Thinking about soap drinking a glass of scotch at night, not enough to get drunk, just enough to take the edge off. He convinces himself that it's fine, that it doesn't matter. He convinces himself that if he acts like it isn't there it won't destroy him. He convinces himself that this isn't him being self-destructive. He convinces himself that it doesn't hurt to be unlovable.
I wonder if he kneels and prays to a god he no longer believes in, not after all those years of begging for even a sliver of salvation. I wonder if he offers up his sins and prays to be just a bit more palatable, even as nothing more than a companion. He hopes and prays and has faith in a god that continues to disappoint him, because he cannot bare to be nothing. He knows he cannot ever be anything more, but perhaps he can simply keep what he has, hopefully. He prays.

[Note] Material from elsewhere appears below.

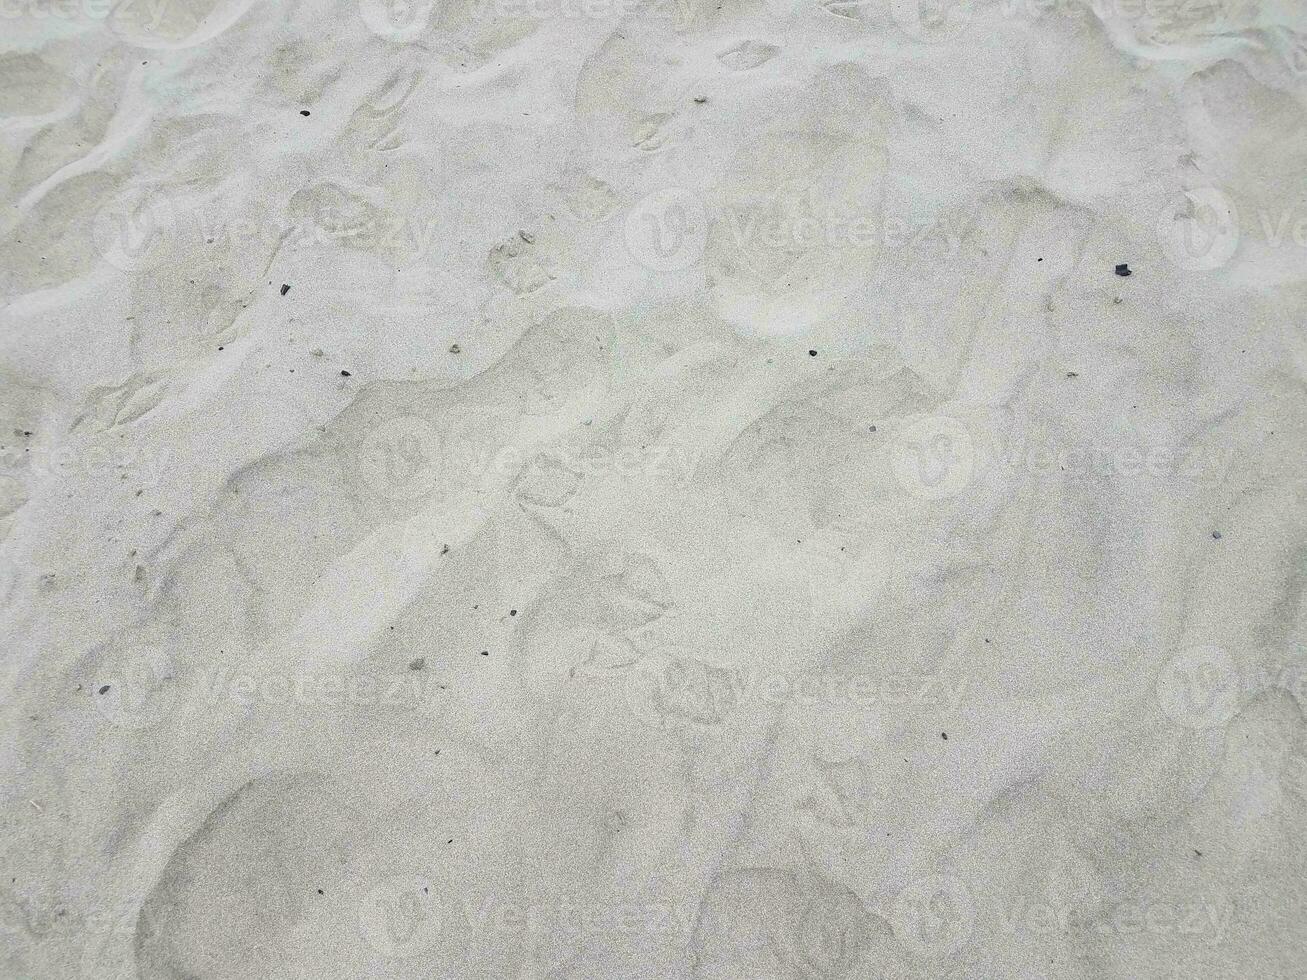 Vogelabdrücke oder -spuren auf trockenem Sand foto

I wonder if he hands ghost a chocolate, and silently begs him to continue tolerating him. I wonder if he cleans ghost's kit as an offering of his use. I wonder if he he sorts paperwork like a confession. I wonder if he slides ghost his favorite part of mealtime like repentance to the bitter taste he leaves him mouths. I wonder if he's on his knees groveling for mere tolerance to a hard pill to swallow. Maybe ghost will crush him up and take him that way.
What if he watches ghost at the pub. What if he sees how receptive he is to the advances of men and women alike. What if he thinks ghost is happier this way.
What if he sees ghost accept the free drinks from some quiet scottish bloke with a modest mohawk, and thinks maybe it's not that ghost doesn't do 'love' or whatever, it's that he's simply unlovable, untolerable, maybe ghost did crush him up but left him there flailing.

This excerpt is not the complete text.